Editorial 255 by Frank Cottrell-Boyce
A guest editorial from the writer Frank Cottrell-Boyce
I’ve just finished a book tour. After years of Zooms and Teams it felt good to be going through the old routine of eye-wateringly early trains, of walking up to school gates unsure whether you were going to be treated like a rock god or someone selling brushes. It felt like things were finally getting back to normal. No masks. No testing. No one even talking about the pandemic any more. But things are not normal. And we should be talking about this. About what has changed. Because it seems to me that for our children, everything has changed.
I first began to think about it for a fairly happy reason. I read out a passage from my new book – Noah’s Gold – about a not-very-socially-distanced encounter with a basking shark. The kids’ questions at the end are not the usual prepared ones – not where do you get your ideas? Not how many books have you written? Not even the standard – pineapple on pizza yes or no? Instead they were all questions about basking sharks. I admit to be under-prepared but that was great. I felt the kids were really engaging with the book, with something new, instead of with the Visit. This happened time and time again. In the staff room between sessions I’d mention this and every time it ignited a conversation about how different these children were. How the experience of the pandemic had changed them. Some of it is obvious. Obvious but not discussed. For instance obviously a lot more of these children have experienced the loss of an older relative or even a parent than you would normally expect. They’ve also had a lot less contact with those older relatives. Obviously these children have missed some of the punctuation marks – the birthdays, weddings, first communions, bar mitzvahs, prize days, leaver’s balls – that help define who they are. Some of the smaller things are the most telling. One teacher said she found it really upsetting that her children were embarrassed to sing in class. That lead to a conversation about how these children relate to each other. On the one hand, many said that the children were able to take real joy in small pleasures – for instance a description of a basking shark – and were kinder and more patient with each other. At the same time they many had lost the ability to resolve issues between themselves, were turning to teachers for the most trivial reasons. One said, ‘They’re like coiled springs, reacting much more quickly and aggressively when challenged.’ Above all there was concern about children arriving in reception with very poor language skills.
I’m an entertainer not an education professional. And of course when I visit a school I am myself a distortion field. The school will be on its best behaviour. Though it’s interesting to see what different schools regard as ‘best behaviour’ – that ranges from a joyful engagement to a regimented respect. But I see a LOT of schools and I always come back from these tours reeling at just how unequal our society is. In a thousand ways the pandemic has accelerated those inequalities. Sometimes to breaking point.
The other thing that has accelerated of course is children’s dependency on screens. Of course it was thanks to the internet that they were able to carry on their relationships with friends, far away relatives and with school. And it’s noticeable that their digital skills have improved. But we have no idea what that increased dependence will do to them in the future.

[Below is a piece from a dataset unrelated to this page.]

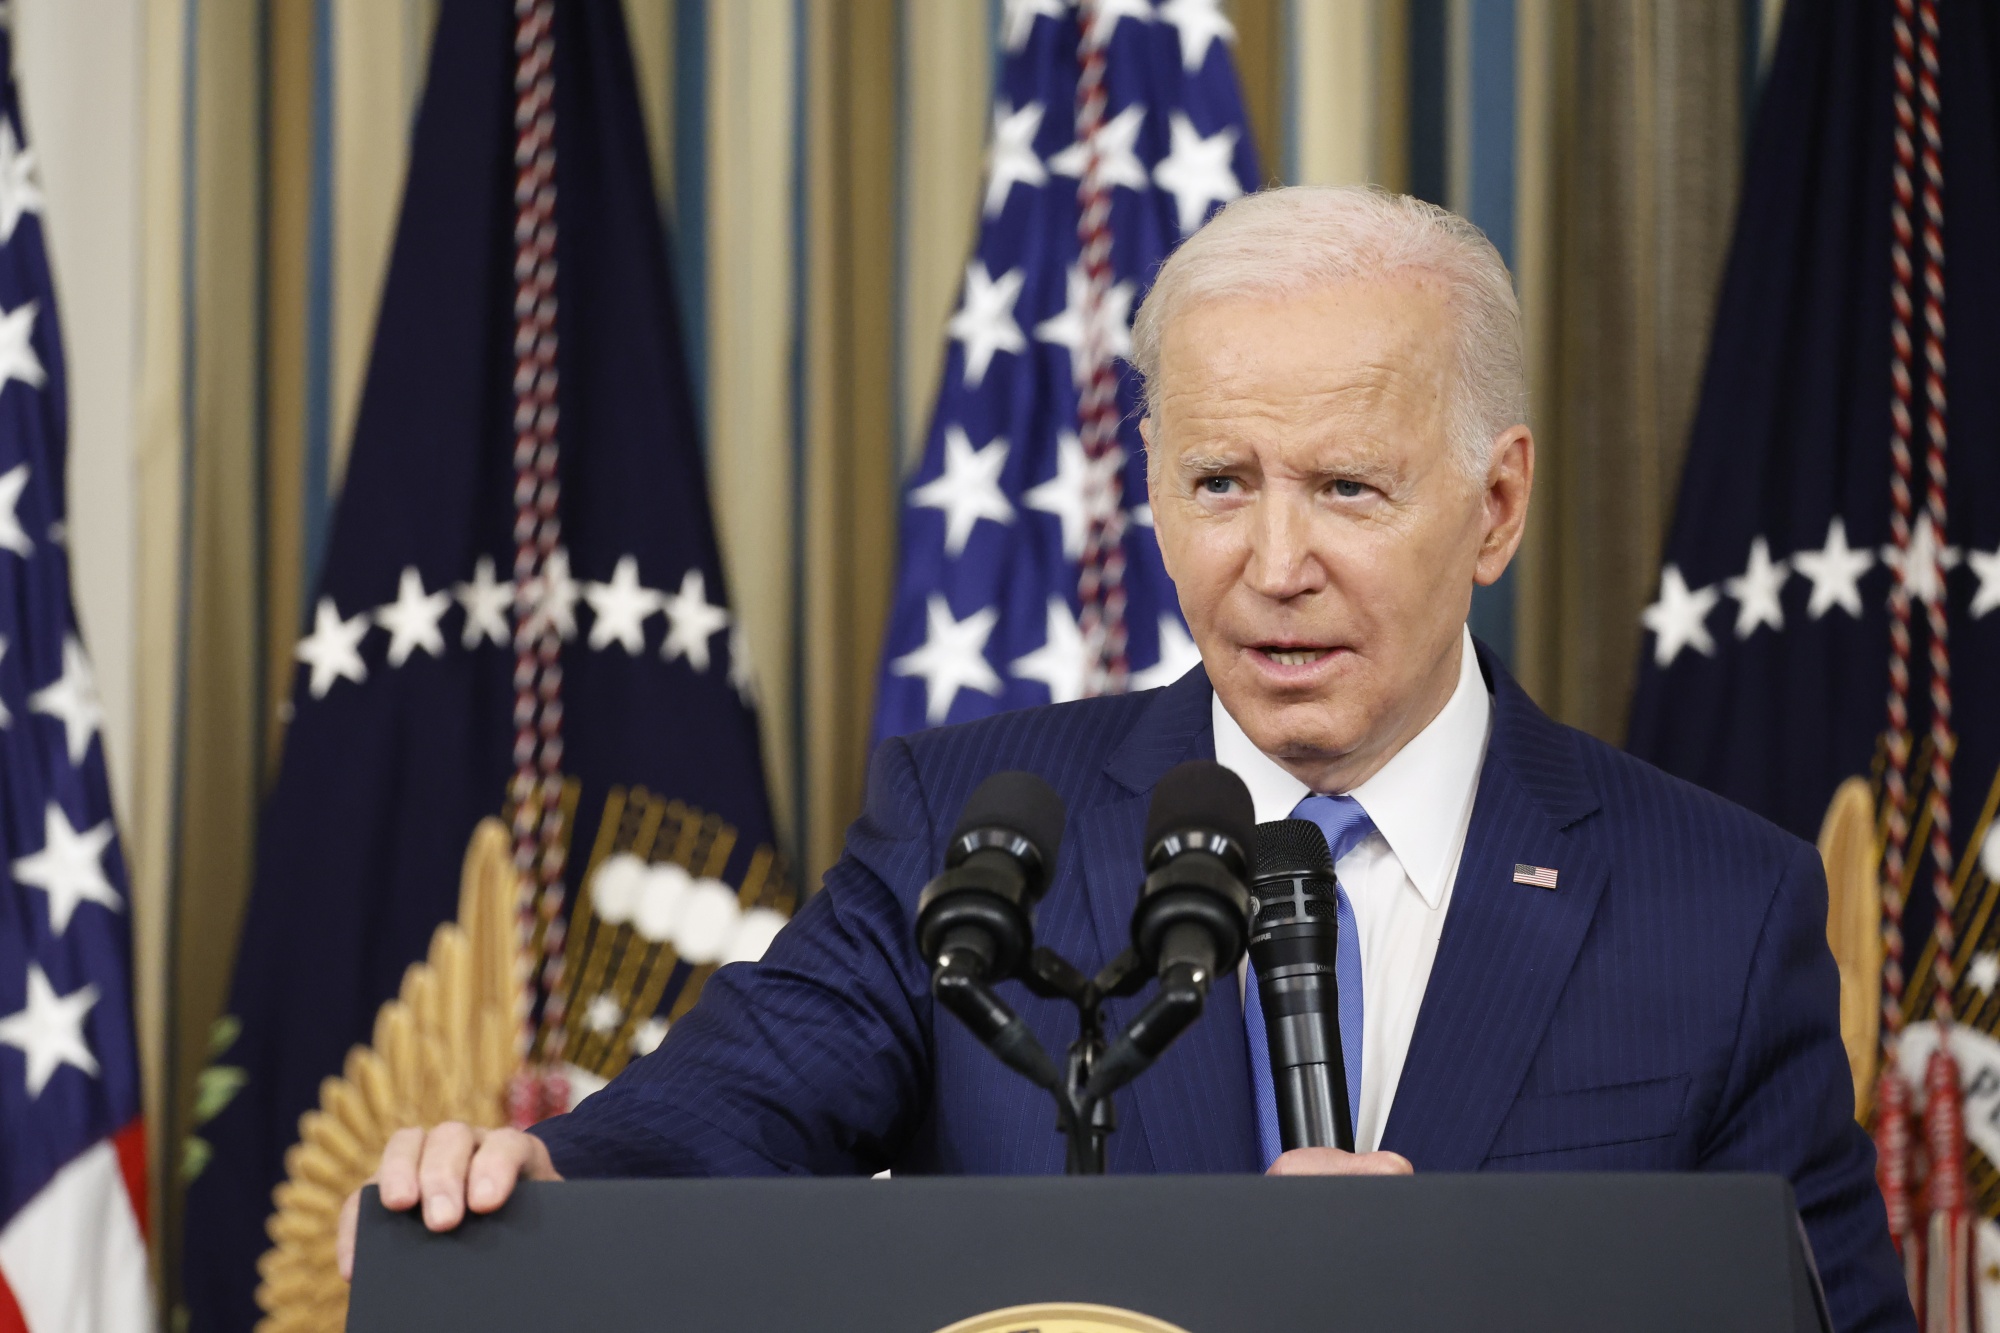 Tracking regulatory changes in the Biden era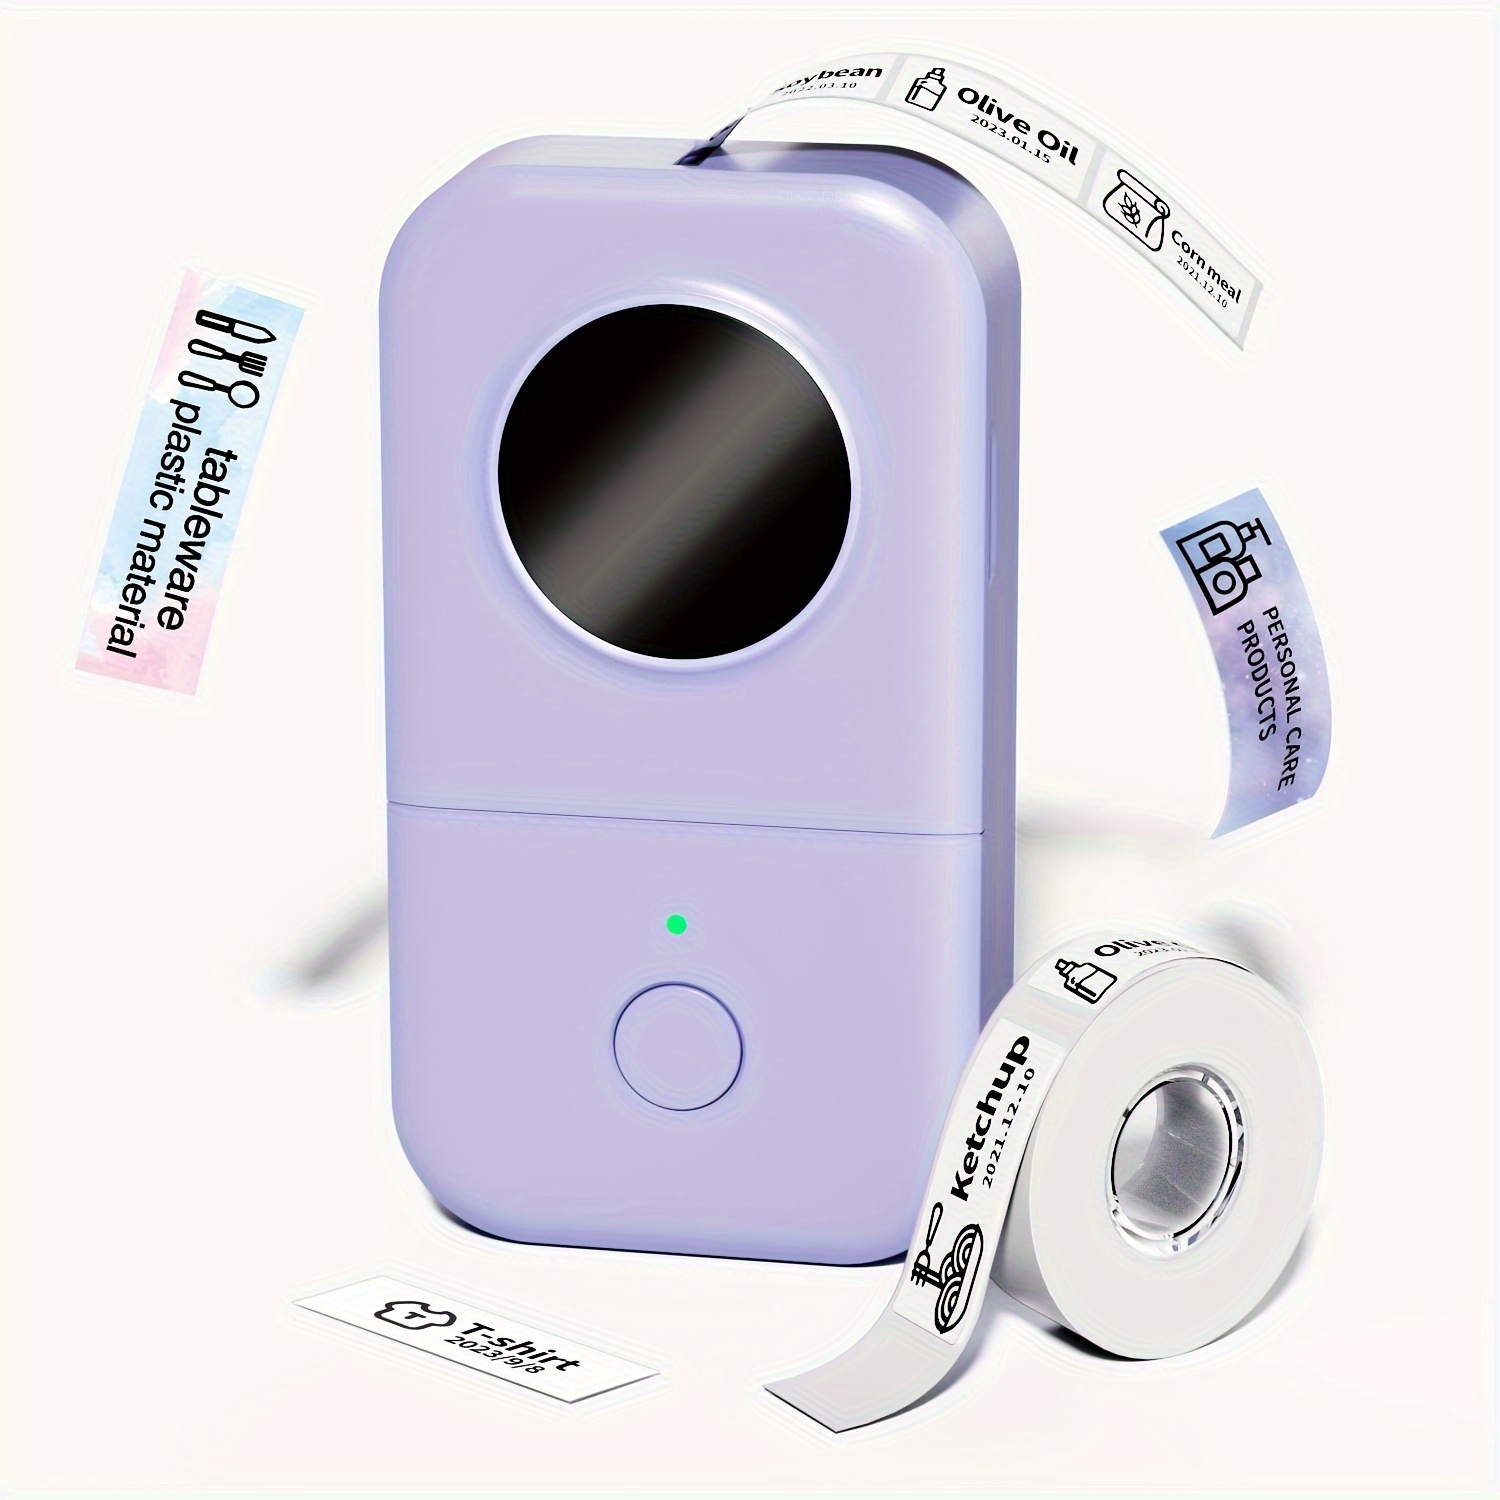 Phomemo D30 Mini Label Printer - REVIEW - Organise Your Life!

Everything has changed. The nature of the relationship between school and home, between real life and the digital world, the nature of friendship, the definition of study, all changed utterly. This is not all negative. I don’t think it’s even an entirely bad thing that these children have had to think about mortality a bit more. It may well make them more conscious of their environment, of the important things in life. Which brings me to another stark truth that the tour rammed home. In a reverse of the natural order of things we asked our children to bear the brunt of the pandemic – to make sacrifices – in order to protect the grown-ups, the economy and the NHS. Now that they’ve done that, what is their reward. As I’m typing this I’m listening to the candidates for the Conservative party leadership describe their visions for the country. The most remarkable thing is the absence of any conversation about children. To the extent that they are mentioned at all it’s about catching up. What does catching up mean? It means erasing this experience. Getting to a point where we can act like it never happened. Why? Teachers, parents and children have done things differently. What worked? What didn’t? These children are emerging from a massive experience which in which no one is interested. They are stepping into a world in which huge things are happening – war, environmental disaster, catastrophic inequalities – but in which the adult political conversation is entirely taken up with trivia. What are children to make of that? There has never been a better opportunity to begin afresh. There has never been a worse time to ignore our children.